Written by Matt Abbott

Matt Abbott gives tips and writes about his experience as a performance poet.

ma9When I first appeared on stage in December 2006, I never would’ve dreamt it’d end up being my career. We were in a secret underground indie club in Sheffield’s red light district at an after-show party. I was 17 years old and halfway through my A-Levels, and had been penning spoken word ditties for a couple of months.

At the time, indie music was massive. I underwent a huge personality shift during my A-Levels, and instantly gravitated towards the skinny jeans and fuzzy guitars of the ‘boys in bands’ a few years my senior. Wakefield’s Escobar was a thriving music hub, and every weekend there were gigs aplenty, with folk staying out ’til 4am dancing to indie.

I’d always fantasised about being a frontman, but never genuinely contemplated it as I’d never tried singing or playing a musical instrument. And then in summer 2006, I came home from college to my dad playing a John Cooper Clarke CD. Instantly I was blown away. I learnt of his history opening up for iconic punk bands, and had my first light-bulb moment.

It was six months before I’d penned anything passable, but in this period I’d built a small following on Myspace, largely due to my presence on several Sheffield music forums. By early 2007, I’d gatecrashed a few gigs by ‘introducing’ mates’ bands with short bursts of spoken word.

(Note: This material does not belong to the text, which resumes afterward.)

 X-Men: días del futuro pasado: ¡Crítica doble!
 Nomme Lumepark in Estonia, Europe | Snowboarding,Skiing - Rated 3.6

It went down a storm with punters, bands and promoters alike, and before long I had several resident compére slots, and was starting to be recognised on various local scenes as “poem guy”. It was partly the novelty factor, but I think it became clear that I was actually pretty good, and gradually I started taking myself more and more seriously.

Long story short, I ended up fronting a band called Skint & Demoralised, and we signed a massive record deal with Universal after being played several times on BBC Radio 1 and raved about by Steve Lamacq and Colin Murray. Funny how things work out. From 2007 until 2013, music was pretty much my only focus, although I kept writing occasional poems, and on S&D’s headline UK tour in 2009, the spoken word interludes were often the highlight.

It wasn’t until late 2013 that I performed at an event that wasn’t either a music gig, a music festival or a political event. After co-founding A Firm Of Poets, I started performing at poetry events, literary festivals and arts centres. And I think this was, and still is, one of the crucial factors behind my success as a performer. Spending seven years performing poetry to an audience that really doesn’t want to hear poetry, and consistently managing to engage them, is pretty good practice for a spoken word artist.

I’ve always written with performance in mind, and not only that, I’ve always written with an audience in mind that has no prior interest in poetry. Don’t get me wrong, I take pride in well-crafted and layered poems, of course I do. But I want to be able to perform them at an all-day music festival in Blackburn, same as I want to perform them at Norwich Arts Centre. I know this sounds like a cliché, but its poetry for people, not for other poets.

In terms of income, workshops are a huge part of a poet’s life. And I know that my entirely non-academic, down to earth, accessible style is a crucial factor here as well. My passion and enthusiasm for words, and my self-taught approach to writing, means that I can really bridge the gap between those who’ve never written poetry before, and those that love it. You have to be able to build a rapport with workshop participants, same as you do with an audience, but they’re not too dissimilar.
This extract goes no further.